On Friday morning, BTC continues to defend $92,000, sliding about 1% over the past 24 hours. Despite the drop, the weekly trend still shows signs of recovery.

The latest pullback appears to be driven by outflows from U.S. Bitcoin spot ETFs. On Wednesday and Thursday alone, more than $200 million exited institutional products.

Bitcoin ETF outflows in the U.S.
Outflows from U.S. Bitcoin ETFs. Source Sosovalue

Fresh labor market data in the United States also put pressure on risk assets. ADP, a private payroll services firm, reported sharp job losses in November.

Roughly 32,000 positions were eliminated last month, hitting small and mid-sized businesses the hardest. In October, U.S. companies had added 47,000 jobs instead of cutting them.

According to ADP Chief Economist Nela Richardson, hiring conditions have weakened as employers face cautious consumers and an uncertain economic outlook.

Although ADP data is not an official government metric, financial markets treat it as a key indicator for Federal Reserve policy — meaning it can indirectly affect Bitcoin.

Investors now await the Fed’s upcoming decision on December 10, when policymakers could cut interest rates. A rate cut would likely be bullish for Bitcoin and other risk assets.

CME FedWatch rate cut probability
CME Group FedWatch Tool: probability of a 25 bps cut to 3.75% exceeds 87%

The decision may also depend on inflation data expected today from the U.S. Bureau of Labor Statistics (BLS). Due to the recent government shutdown, the release was postponed.

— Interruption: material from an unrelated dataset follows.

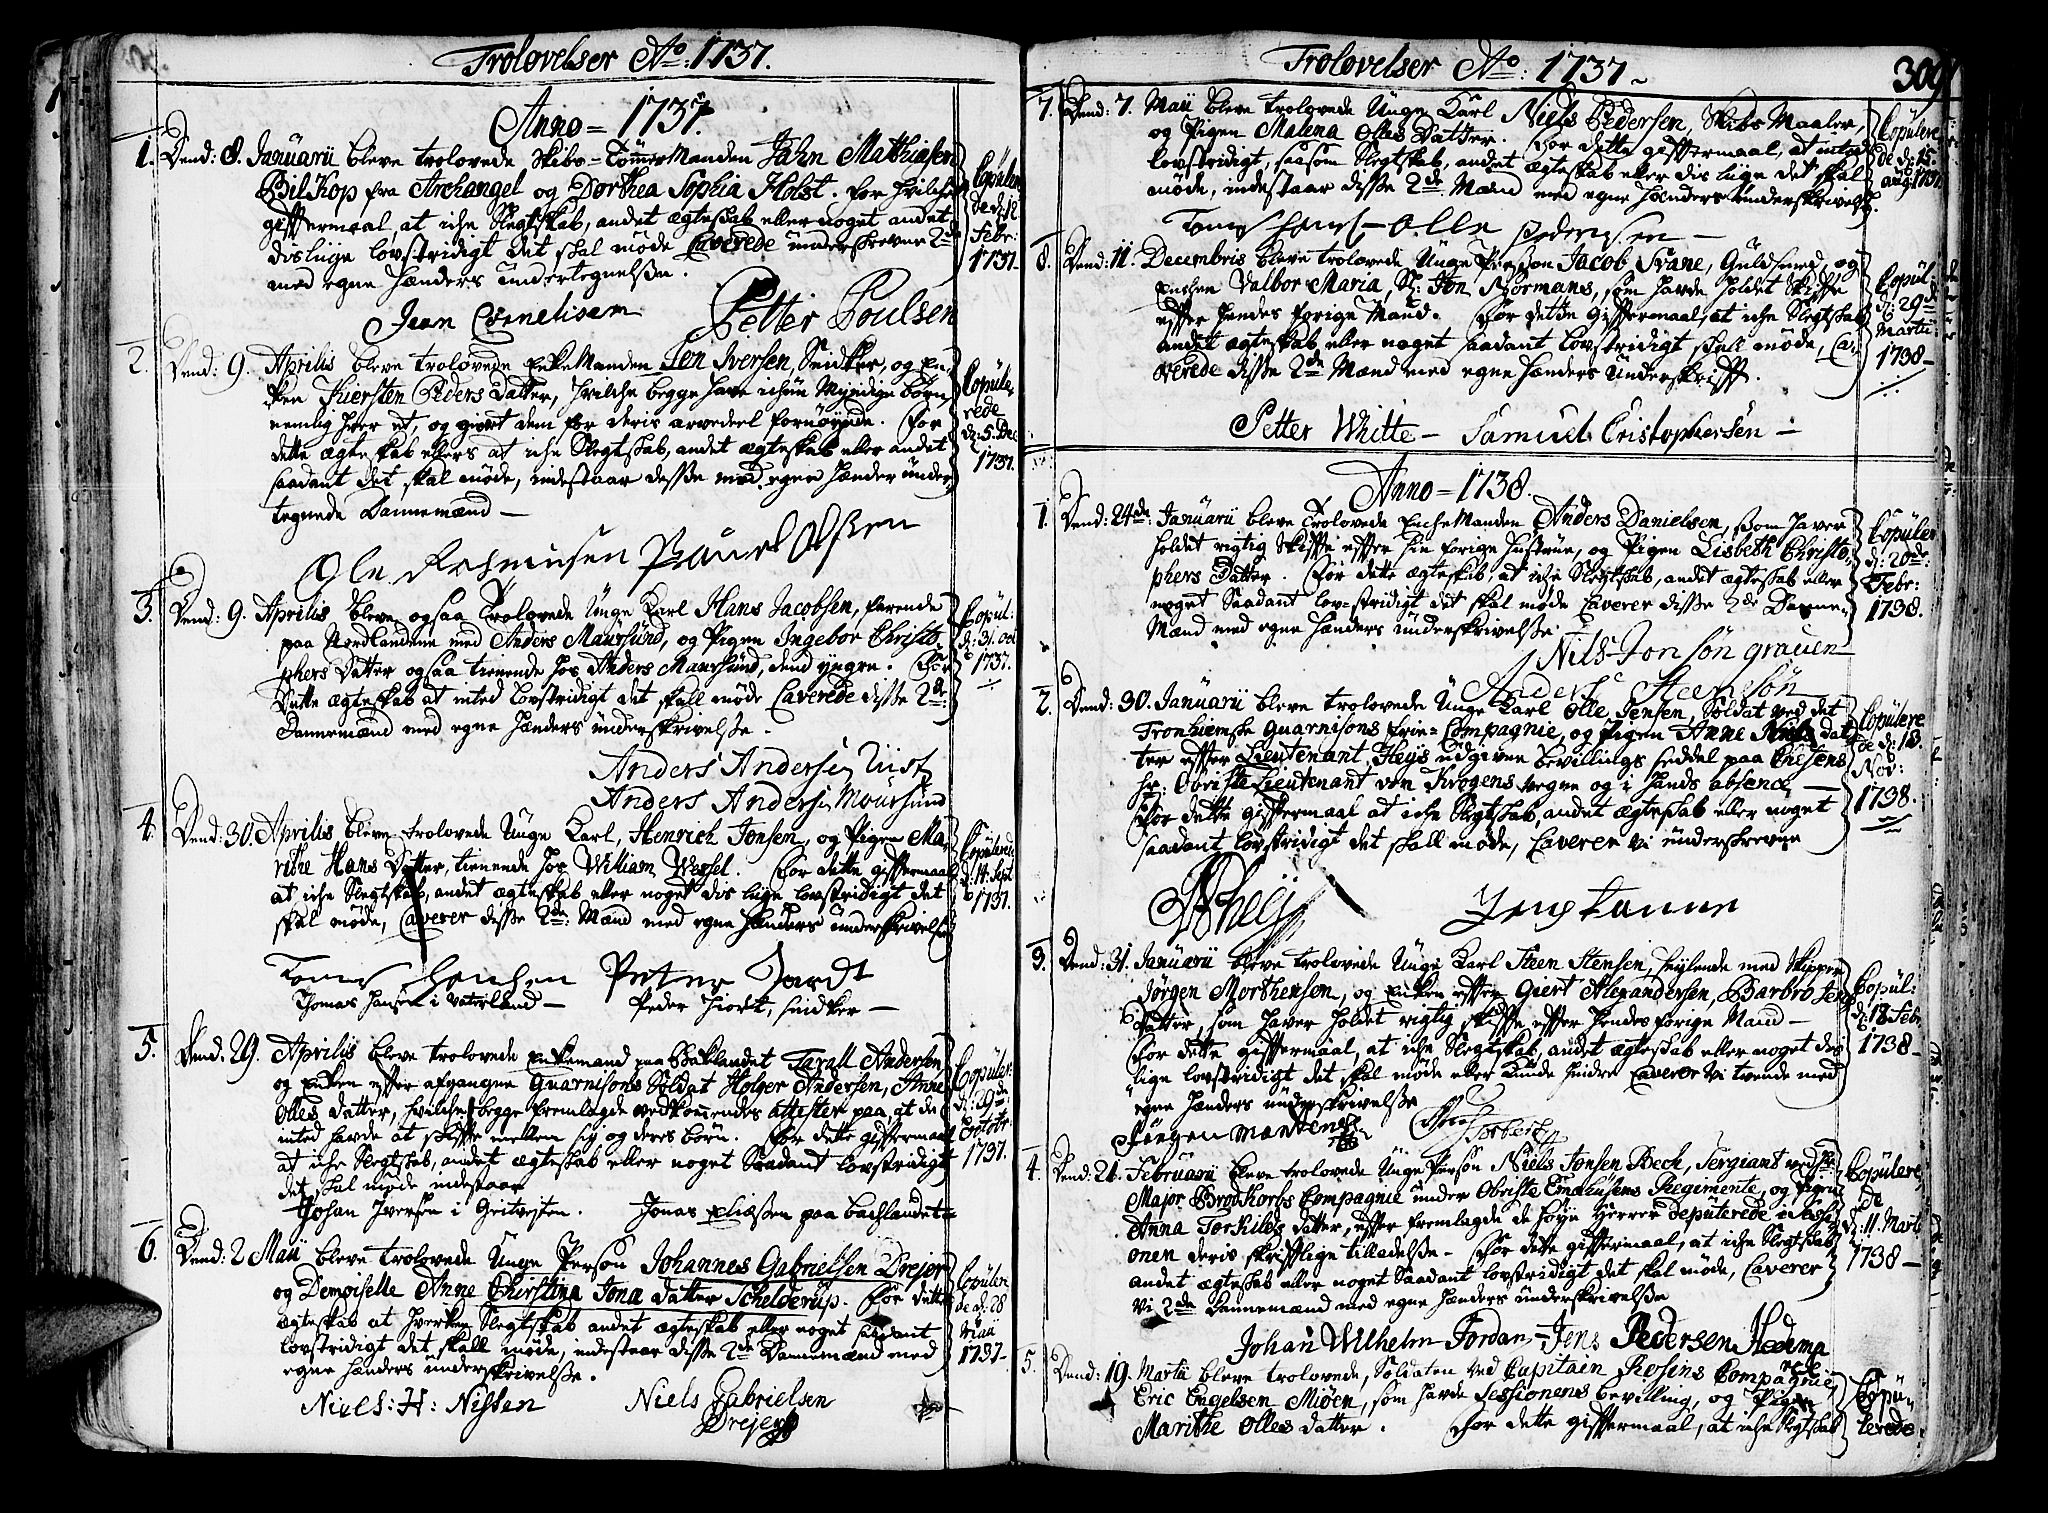 SAT, Ministerialprotokoller, klokkerbøker og fødselsregistre - Sør-Trøndelag, 602/L0103: Ministerialbok nr. 602A01, 1732-1774, s. 309

Beyond macroeconomic factors, Bitcoin is under pressure from developments at MicroStrategy, run by Michael Saylor. The company, the largest publicly listed BTC holder, faces potential exclusion from the MSCI index and is reportedly weighing partial Bitcoin sales.

According to analysts at FORECK.INFO, the $92,000 area remains critical. If Bitcoin breaks below this level and fails to recover, the sell-off could accelerate — potentially pushing BTC toward $70,000.